Reference Domains Part IV: Metadata & Governance

This is the fourth and final part in the series on working with reference domains, also called classifications. The first part provided an overview of their nature, the second recommended an approach to data modelling, and the third explored collecting and documenting them. Here we will discuss metadata related to classifications and how it can be used to assist the governance of content, with particular reference to data quality.

Profiling

Classifications will first be encountered through the analysis process. As the reference domain is identified and the master source of the full list of codes and descriptions is found, it is possible to compare this data against profile results to determine the integrity of the data. Imagine that the field under investigation is the marital status of an individual. The master source reveals that the full list of codes and descriptions include: 1=Married, 2=Single, 3=Divorced. The table-level profile shows that the minimum value is “1″, while the maximum value is “4″. With the profile output stored as metadata, and the classifications loaded into reference tables, it is possible to automatically test that the actual values found in the source are within the range expected in the reference tables.

Similarly, a more detailed test could be run at the column-level, with the frequency distribution output compared against the reference values to check that no aberrant values appear.

Aberrant values could be a sign of integrity issues, or may indicate that additional values need to be added to the reference tables.

In order to make full use of this comparison of reference domain values and profiling results, it is important to collect the external classifications as part of the analysis process. This will allow the team to catch anomalies early and avoid rework.

Data Content Governance

For external classifications there may well be decisions to be made around the collection and consolidation of reference domains. A protocol should be developed to address any issues with inconsistent domains of values. Multiple domains will need to be rationalized into a single set of values that will be acceptable to all lines of business. Care needs to be taken to ensure the most authoritative source has been identified, and that a process is in place to handle change notification. This is particularly important in situations where the source is a hard-coded list drawn from documentation.

Naming Standards Governance

For internal classifications, the content is not subject to content governance so much as the enforcement of naming standards. This is especially important in the naming of relationships, to ensure the nature of the relationship is being accurately described. The time to do this is as the logical mapping document is passed through the screening process to govern all logical names.

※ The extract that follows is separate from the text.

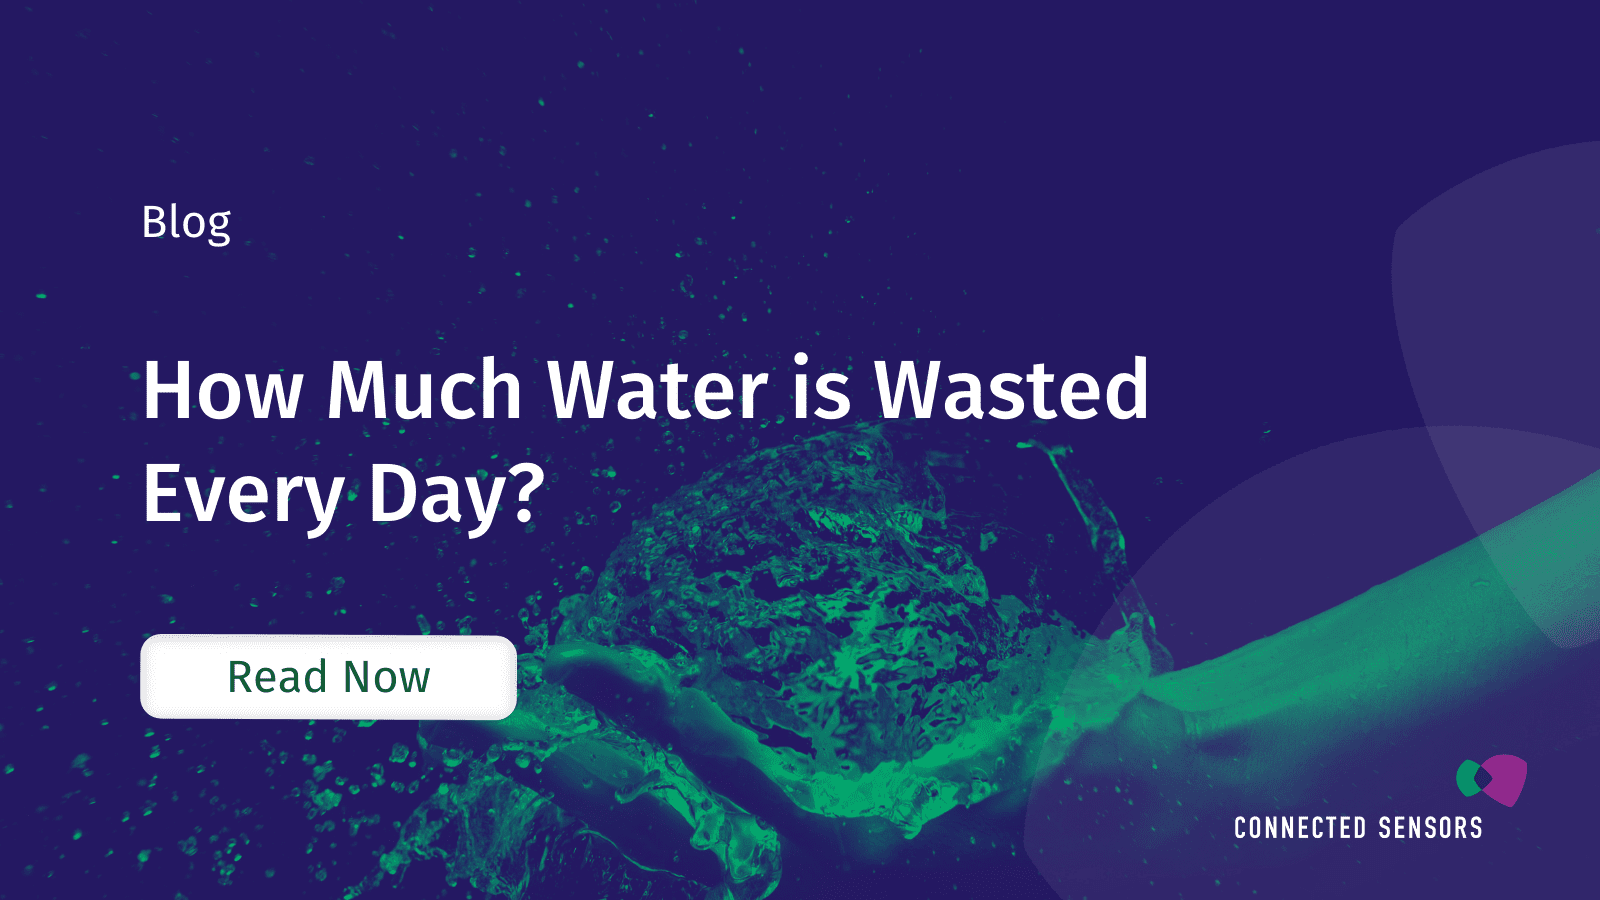 How Much Water is Wasted Every Day?
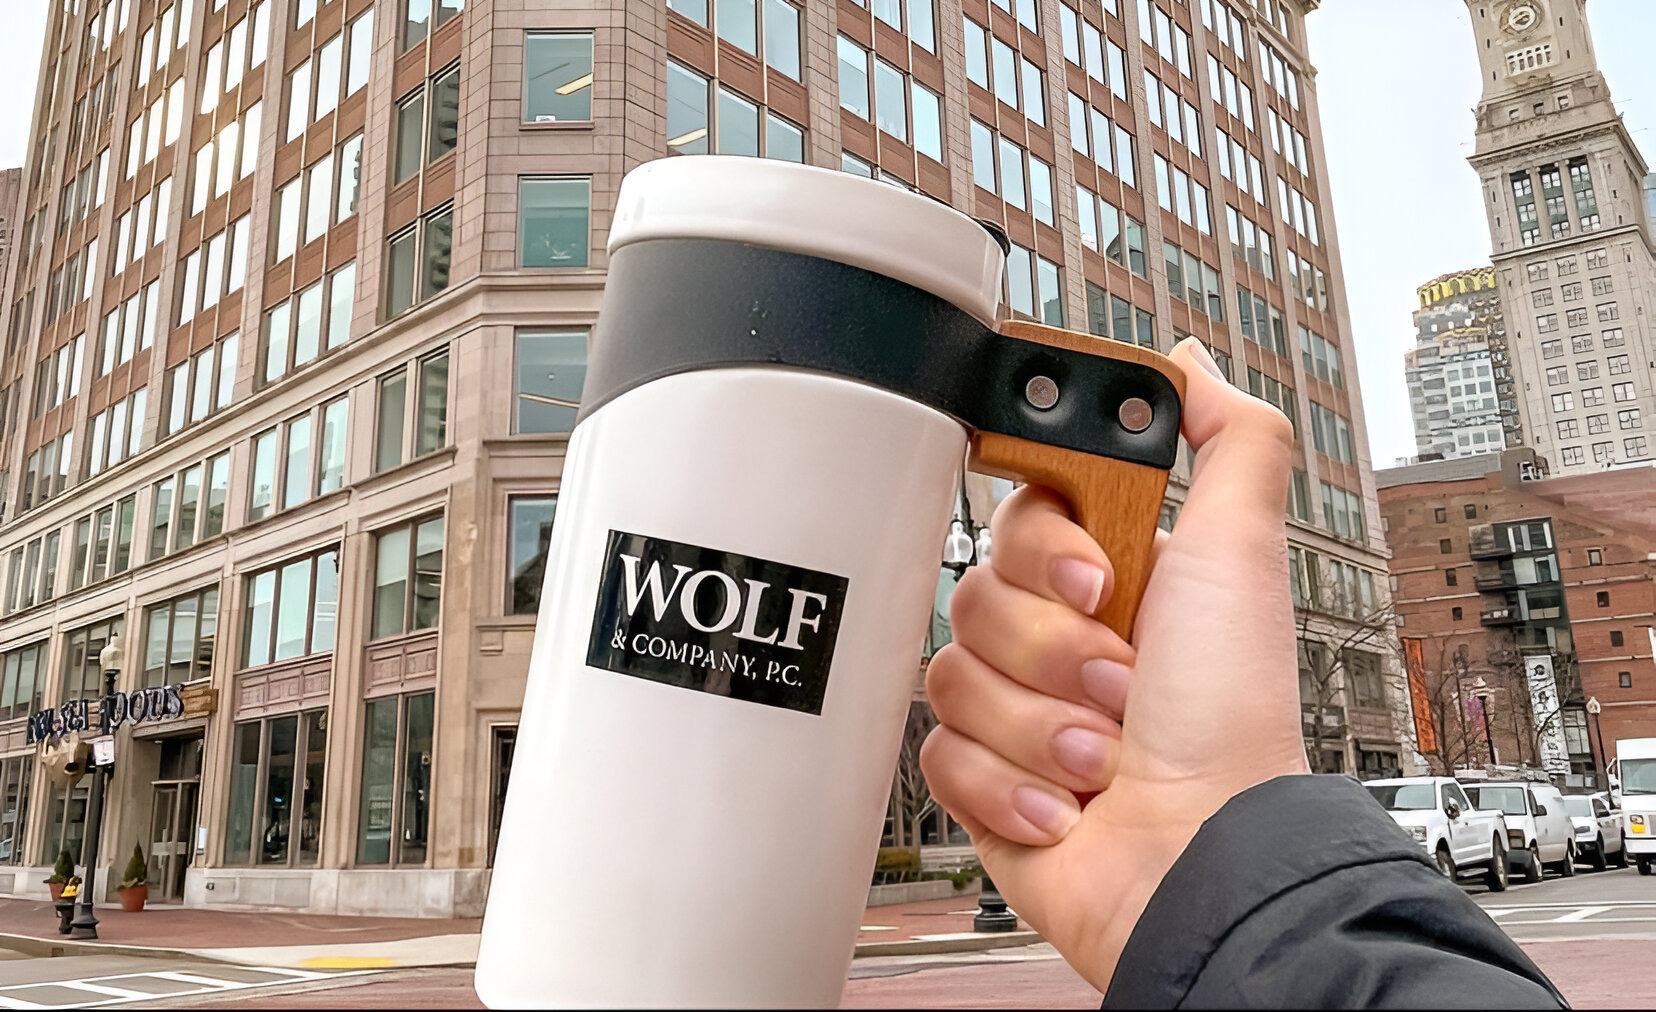 Wolf & Company Acquires Treehouse Technology Group

Data Architecture Governance

The vast majority of reference domains should pose no challenge to data architecture governance. Most data elements will fit neatly into the simple structures of the Reference Domain and Reference Value tables described in part three of this series. There may be a decision to house long lists of values in separate tables; setting a threshold as assessment criteria. For example, if a classification contained more than 500 values, it would be held in its own reference table. This would be done to help access performance, although it may not be required, and should be tested to determine suitability. If a threshold is used to influence design, the profile results can again be used to programmatically assist the design process.

Likewise, there may be a call to create special structures for classifications that have unique attribution or particular structures. For instance, a set of classifications may form a balanced tree hierarchy that could be usefully held in denormalized structures. Again, these exceptions should be rare; and I would suggest they be avoided, with a premium placed on consistency of design.

Model validation should ensure that the length of the source fields is accommodated by the target reference tables. The table profile results can be referenced to make this determination automatically.

This completes the series on reference domains. Please feel free to provide your feedback. What challenges have you faced with classifications? How did you resolve them?